Ipswich, MA had seen the likes of George Whitefield once before. An early leader in the Methodist movement, he had been on a tour of New England when he made his second visit to the First Church of Ipswich on September 30, 1740, a night that would forever find a place in New England folklore.
Whitefield (also spelled Whitfield) was cross-eyed, high energy and could deliver a powerful sermon. He drew thousands of people to church, collected large sums in donations and was said to bring listeners to the heights of joy and sadness all in the same sermon. Whitefield became a trained preacher in England and first traveled to the American colonies in 1738. After spending time in Georgia, he decided that the colonies were in need of an orphanage, especially for African-American children, and dedicated his life to the task. Whitefield moved back to England but returned to the colonies in 1740 and began delivering a series of sermons that became known as the Great Awakening. These sermons allowed him to gain funding for the orphanage which would eventually be built in Nazareth, PA (now known as the Whitefield House).
On the evening of September 30th, Whitefield began yet another long and insightful sermon. He drew a very large crowd and because of its excessive size, he preached from a ledge outside of the church to allow for extra seating. A large, curved mirror in the church was said to be the home of the Devil and on Sundays the Devil would allegedly sit behind it and watch parishioners. Whitefield’s powerful sermon was filled with fire and brimstone as well as personal threats towards the Devil and it caused the Devil himself to jump from the mirror and stand before the awestruck congregation.
Almost immediately, Whitefield and the Devil found themselves in a brawl. They pushed and shoved and wrestled and fought until the Devil made a sudden dash for the steeple. Whitefield gave chase and the two found themselves eye-to-eye high above the worshippers below. Whitefield shouted at the Devil and lunged forward, pushing him off the steeple, and as the Devil hit the ground he landed on one foot on the rocks below before running away into the woods. Next to the church, forever forged into the rocks, visitors can now find the Devil’s footprint.
According to legend, Whitefield simply dusted himself off and returned to his sermon, barely shaken by the event. In fact, it wasn’t even mentioned in his journal entry that evening. Whitefield continued to preach between England and the New World until his passing in 1770. He made a total of seven voyages to the Americas and greatly impressed many of his listeners, including Benjamin Franklin.

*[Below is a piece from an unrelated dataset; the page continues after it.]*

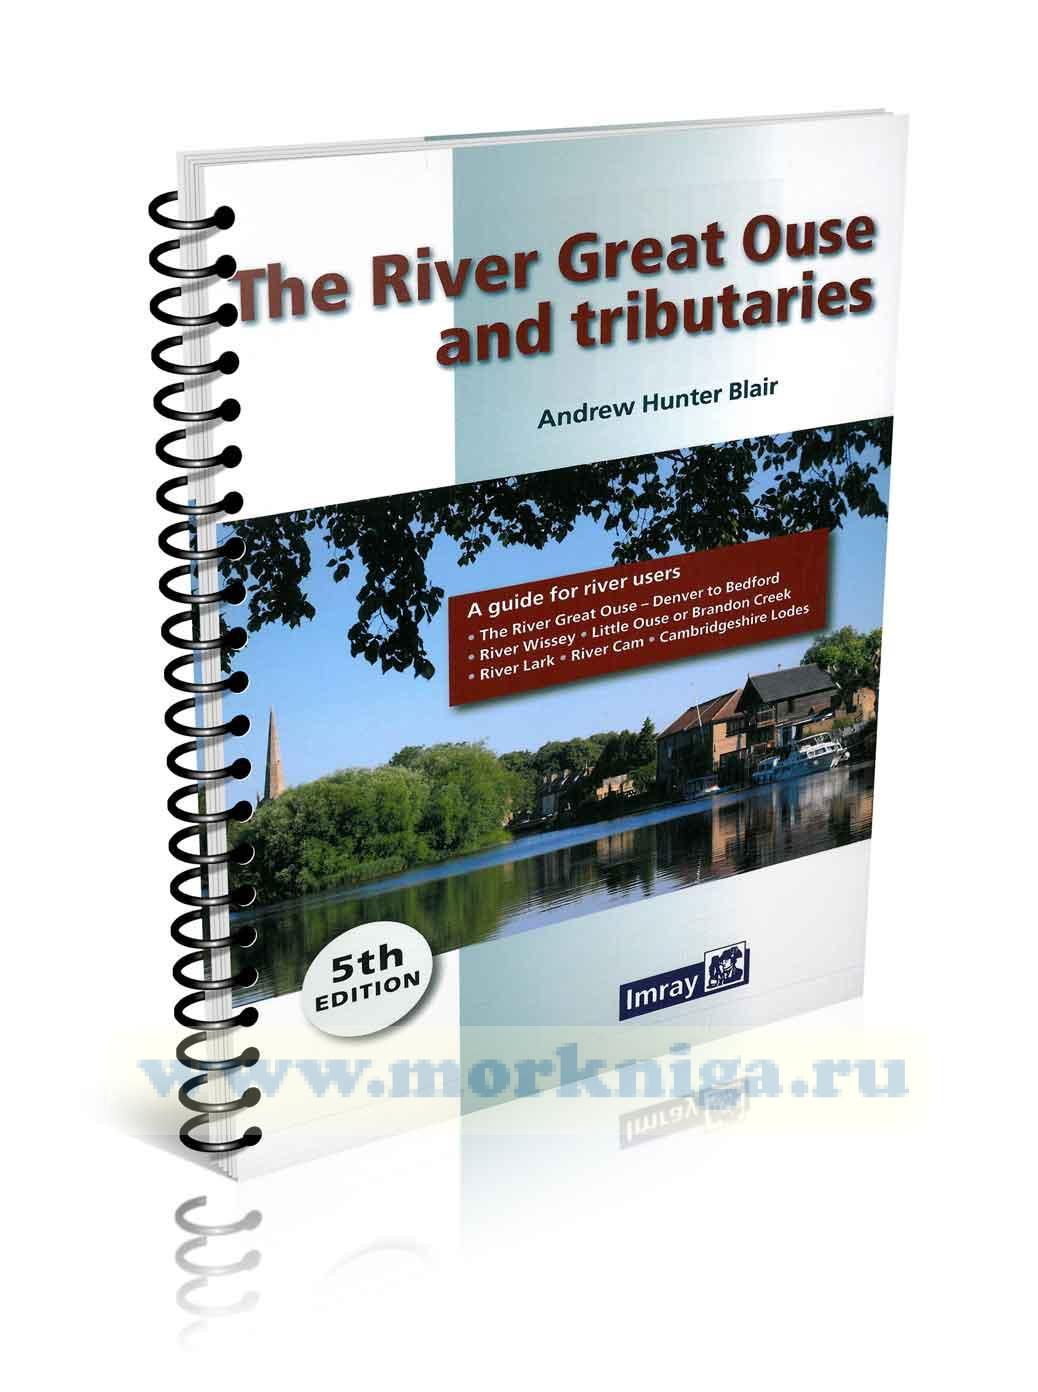 The river Great Ouse and tributaries 5th edition Река Грейт-Уз с притоками. Руководство для судоводителей

Whitefield was one of the first preachers to give sermons to slaves and was said to have the vocal strength to be heard by crowds as large as 30,000. He would ultimately deliver an estimated 18,000 sermons to as many as ten million people in his lifetime.
Just down the street from the Devil’s footprint lies the Ipswich Ale Brewery who have been serving up brews across New England since the early 1990s. With each can, bottle and pint they preserve the heritage of their home as well as refresh the local populous with concoctions like Ipswich Hellbound Barleywine. The Devil’s footprint can also been seen in other rocky areas around Massachusetts including in the towns of Auburn, Easton, Holliston, Medfield, Norton, Rochester and Seekonk.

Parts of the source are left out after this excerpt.